# build ports from package .rpm or .deb



## Daniel Tinivella Guzman (Mar 18, 2016)

someone built a ports from a rpm or deb package? I have not the slightest idea, but surely someone could guide me...
I have a project, something not finished running FreeBSD is a benefit for the whole community
thank you very much.
Tinix.


----------



## SirDice (Mar 18, 2016)

An RPM or DEB is similar to our pkg(8). That is to say, somebody took the original, upstream, source and built an RPM or DEB _binary_ package from it. Instead of trying to crowbar a RedHat or Debian Linux pre-compiled *binary* package into FreeBSD you should take the original source and create a FreeBSD pre-compiled _binary_ pkg(8).


----------



## Maxnix (Mar 18, 2016)

What do you mean saying "someone built a ports from a rpm or deb package"? New ports are created taking original source and then patching them to work on FreeBSD.
If you want to port a new program to FreeBSD you should start from sources, not from already compiled binaries.
Instead, if you want to install rpm or deb packages, there are both archive/rpm4 and archive/dpkg in ports. However I don't see the point of using them, if not with linux compatibility.
EDIT: SirDice sorry, I posted before seeing your reply


----------



## kpa (Mar 18, 2016)

That's how the Linux ports are built on FreeBSD. They take a .rpm or .deb (binary distribution, not source) of the software in question and extract that file to the work directory of the port and then after fixing what has to be fixed a pkg package is created from the extracted files. Take a look at for example emulators/linux_base-c6 for how it's done.


----------



## Daniel Tinivella Guzman (Mar 19, 2016)

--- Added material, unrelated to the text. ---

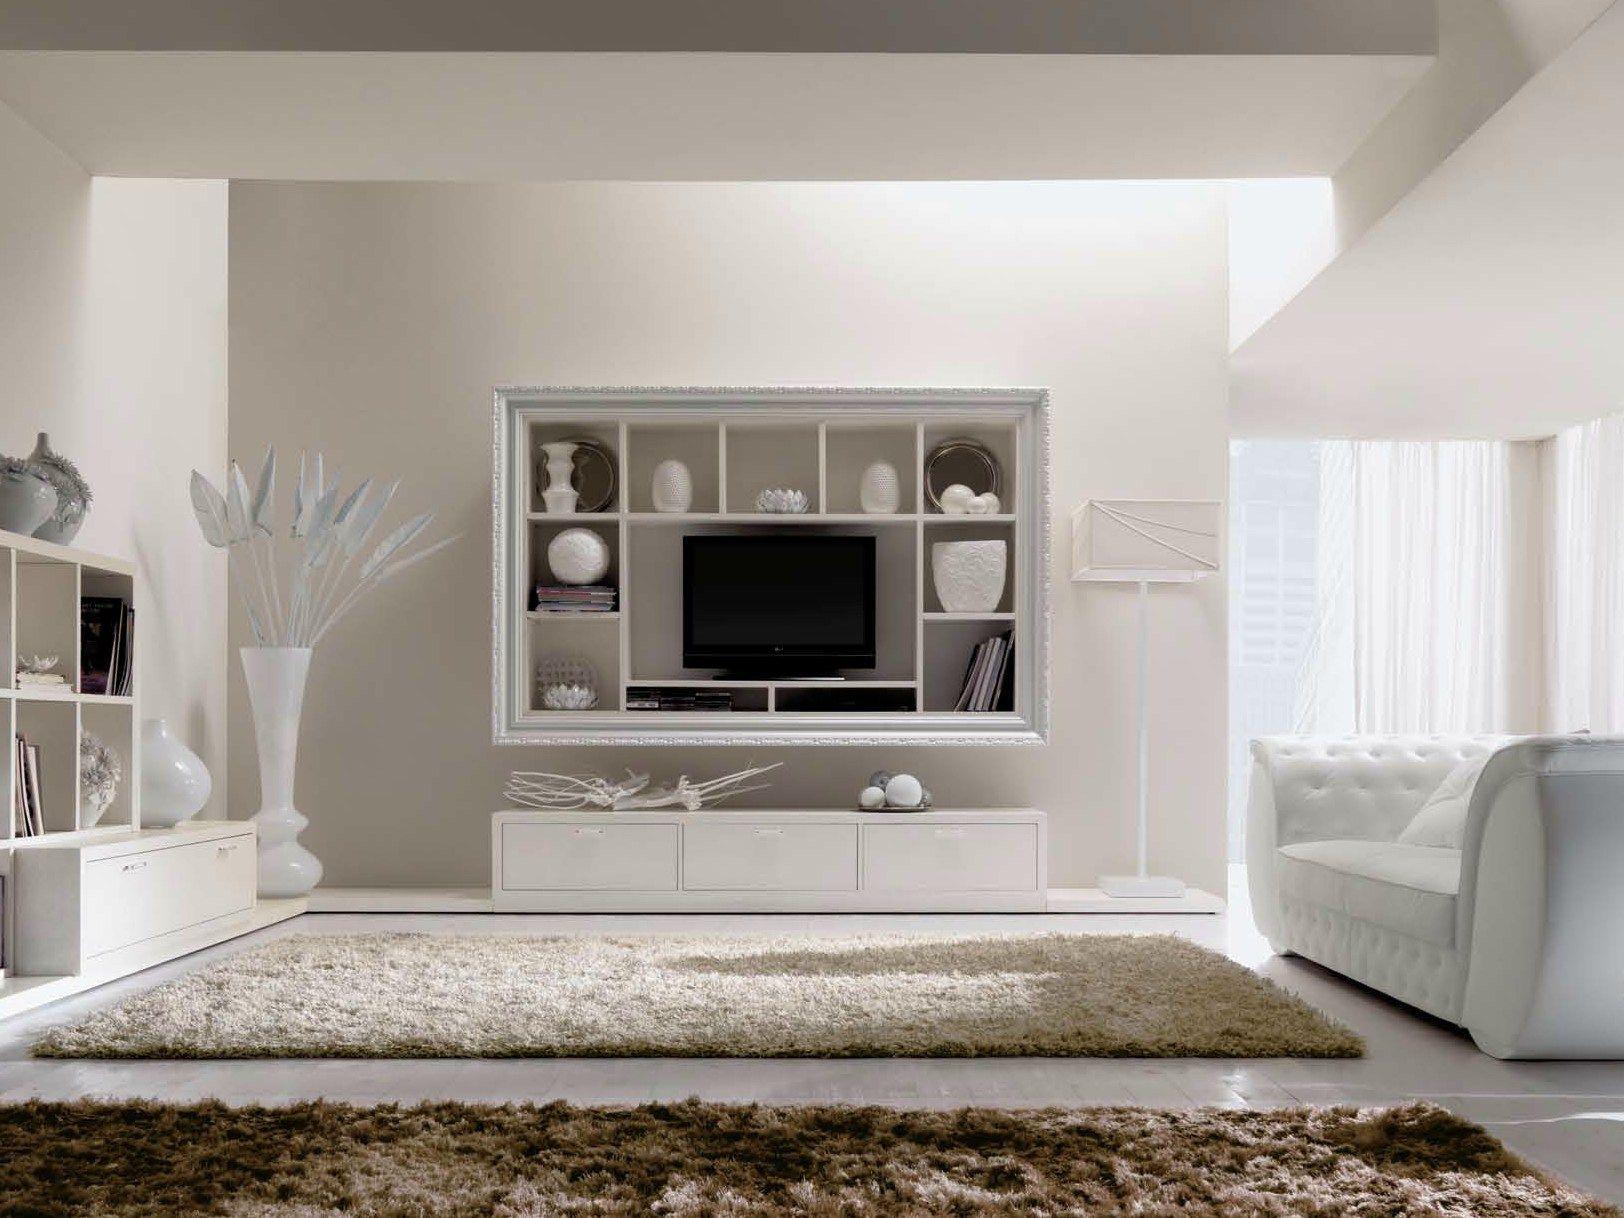 Meuble tv mural en bois avec tag re greta by cortezari - Meuble tv petit espace ...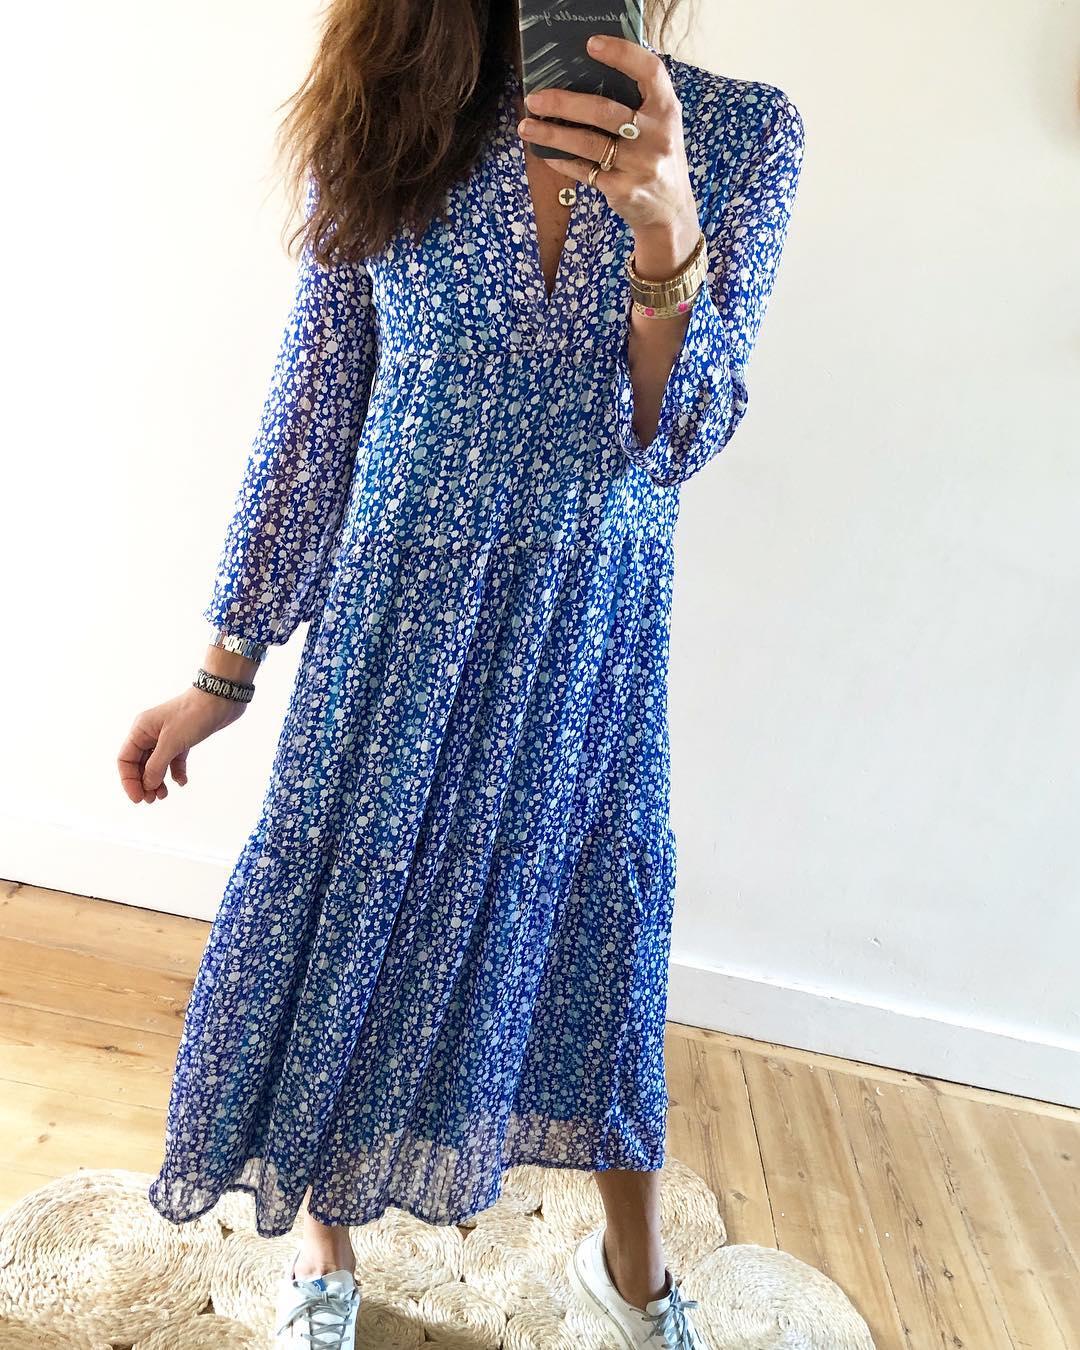 longue robe bleue jenny de Les Bourgeoises sur mademoiselleyoushop

I'm sorry I explain wrong, now I understand,
  I get the original source code
should ask the company and then compile
the company currently has packages running for mac, windows and linux, but not for FreeBSD


----------



## sossego (Mar 19, 2016)

Vos necesitas ayudar com la idioma de Ingles. La palabra mas proper no esta "evil" pero esta "wrong."
Como asi : Perdona me para mi eleccion en explicando la situacion. Isso esta en Ingles. "My apologies for mis-explaining myself because I did not know how to say such in English.

"Busque la origian "source" y encuanto pergunto otros en la creacion de "FreeBSD port."

Which company has the source you wish to build for FreeBSD?


----------